The passing of the PCA is consistent with the Philippines’ obligations under the Association of Southeast Asian Nations (ASEAN) Economic Community Blueprint (AEC) adopted by ASEAN heads of state in November 2007. It places the Philippines on par with its neighbours in ASEAN, the majority of whom have already instituted their respective comprehensive competition law and policy.

The PCA considers various competition and antitrust practices in ASEAN, particularly the ASEAN Regional Guidelines on Competition Policy (ASEAN Guidelines), the European Union (EU) and the United States (US).

The PCA has introduced significant changes to the Philippine competition law landscape, particularly in respect of the following key features of the law:

  • the creation of a central competition authority, namely the Philippine Competition Commission (the Commission);
  • prohibition of anticompetitive agreements and abuses of dominant market position;
  • the establishment of a mandatory merger review regime; and
  • enforcement mechanisms, including fines and penalties for violations.

This article provides an introduction to the PCA.

The Commission

The PCA establishes the Commission, which will be the principal competition law regulator in the Philippines. It will be tasked with implementing and enforcing national competition policy. The Commission is envisioned as an independent body attached to the Office of the President. The Commission shall be composed of a chairperson and four commissioners, who shall be appointed by the president and serve for a term of seven years without reappointment.
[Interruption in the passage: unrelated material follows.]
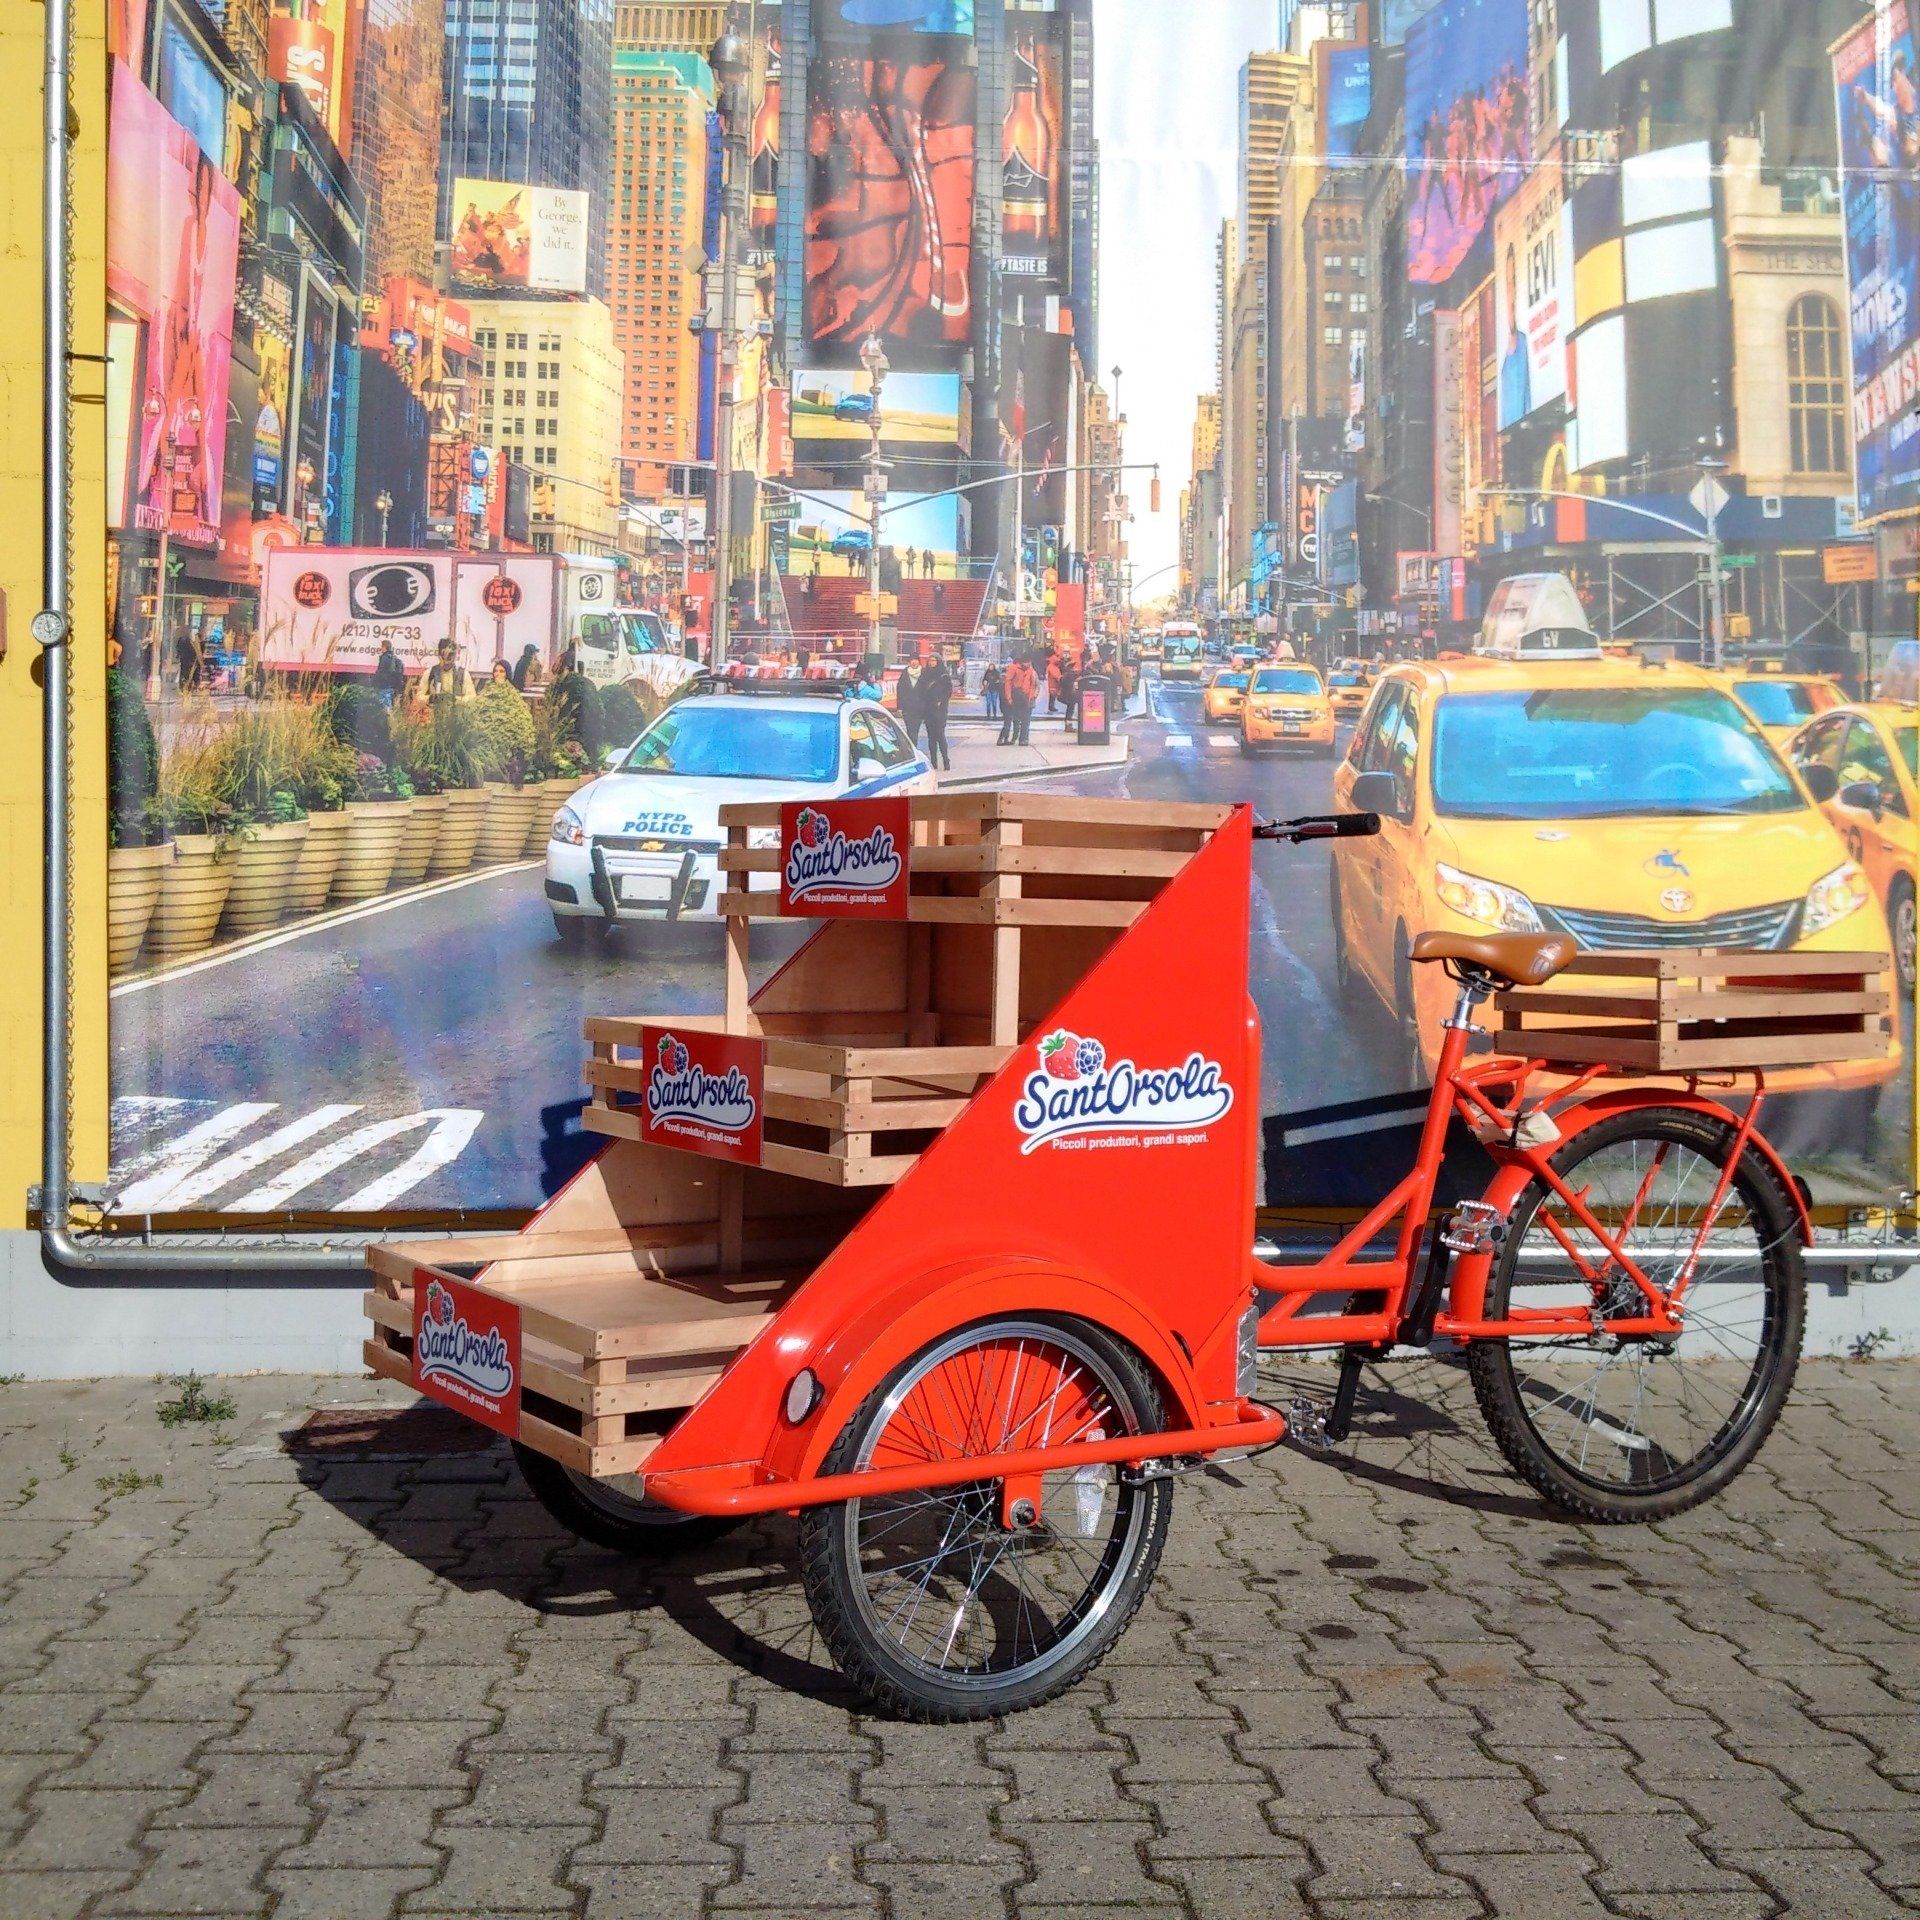 triciclo Cargo bike pubblicitario promozione prodotti

Once organised, the Commission will replace the Department of Justice (DOJ) and its Office for Competition (OFC) as the national competition authority. The Commission shall have original and primary jurisdiction over the regulation, enforcement and implementation of the PCA, its implementing rules and regulations (which the Commission will also draft), and all other competition-related statutes. The PCA vests the Commission with broad fact-finding, administrative, quasi-legislative and quasi-judicial powers that include:

  • conducting inquiries and investigations, and hearing and deciding cases involving any violation of the PCA and other competition laws (either motu proprio, or upon receipt of a verified complaint from an interested party, or upon referral by the concerned regulatory agency) and instituting the appropriate civil or criminal proceedings;
  • reviewing proposed mergers and acquisitions;
  • issuing injunctions and ordering divestment and disgorgement of excess profits under reasonable parameters;
  • conducting administrative proceedings, imposing sanctions, fines or penalties for non-compliance with or breach of the PCA and its implementing rules and regulations, and administering punishment for contempt;
  • issuing subpoenae ordering the provision of books, records or other documents and summoning witnesses;
  • upon order of the court, undertaking inspections of business premises and other offices, land and vehicles to prevent the removal, concealment, tampering with or destruction of an entity’s books, records or other documents; and
  • issuing advisory opinions and guidelines on competition matters for the effective enforcement of the PCA and submitting annual and special reports to Congress.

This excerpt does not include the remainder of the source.